Primitive casts are implicitly added where needed.

WARNING

Be wary of parallel streams

init values

As a general rule of thumb, be extra careful with what you hand off as the init value to a parallel reduction. There is no one-size-fits-all recipe here - it all depends on the function that's reducing. In the case of stream-into, the reducing-fn is (unsurprisingly) conj or conj! (when possible). So, simply put, two threads receiving the same non-empty init value, will produce duplicates (unless init is a set of course). The duplicates will be N copies of the initial init elements, where N will end up being the number of threads that used that init for their internal reduction.

collecting mutably

Collecting mutably (via transients) is no problem for sequential streams. Parallel reductions can NOT be done (fully) mutably - only their (eventual) combining, and that's exactly what stream-into does.

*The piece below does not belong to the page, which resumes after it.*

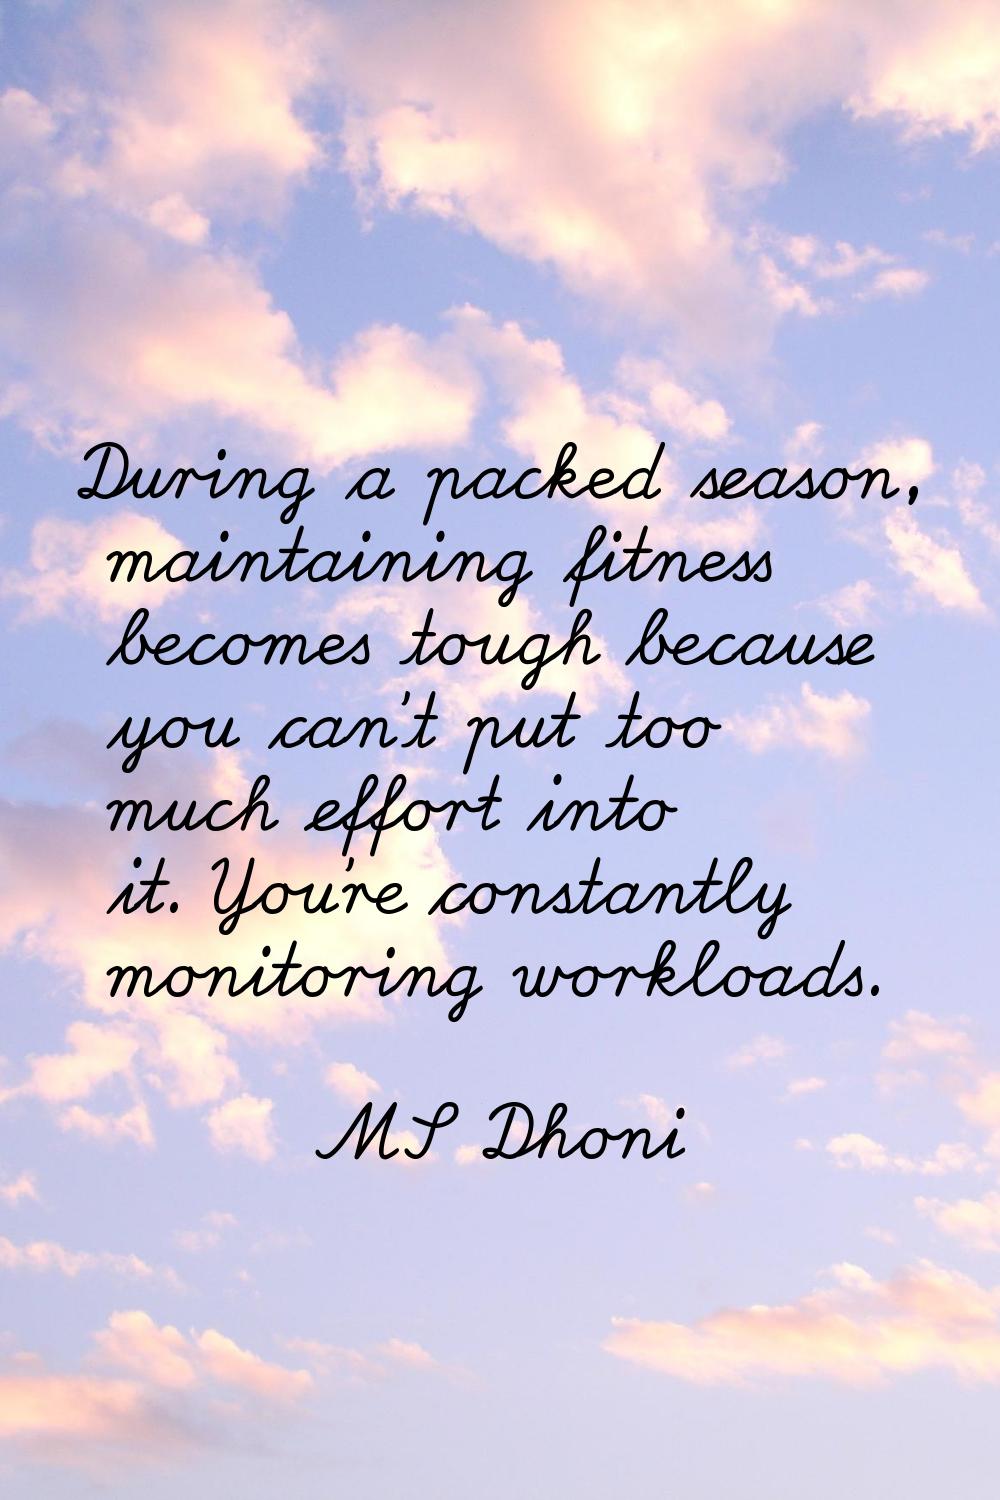 During a packed season, maintaining fitness becomes tough because you can't put too much effort int

It uses conj for the 'inner' reductions, and conj! (via into) for combining their results.

TL;DR

If you want to (idiomatically) consume Java streams from Clojure, or Clojure seqs from Java, then you've come to the right place. For Clojure users, see stream-reducible, stream-into, stream-some, and the jlambda constructor-fn. For Java users, check-out seq-stream (see the 'How' section for instructions). Do NOT expect that processing a SeqStream with Lamdas will give you anywhere near the performance of a native (mutable) Stream (or even that of processing the same seq directly in Clojure), unless perhaps in the case of vectors (that happen to parallelize nicely too).

All the aforementioned functions exist in the clambda.core namespace.

Alternatives

There is quite a bit of 'rogue' code out on the internet showcasing how to consume Java Streams from Clojure. In terms of an actual library however, I was only able to find ike.cljj, which does a fine job, if you're willing to sacrifice the potential for parallelism (that a Stream might otherwise give you).

License

Copyright © 2018 Dimitrios Piliouras

Distributed under the Eclipse Public License either version 1.0 or (at your option) any later version.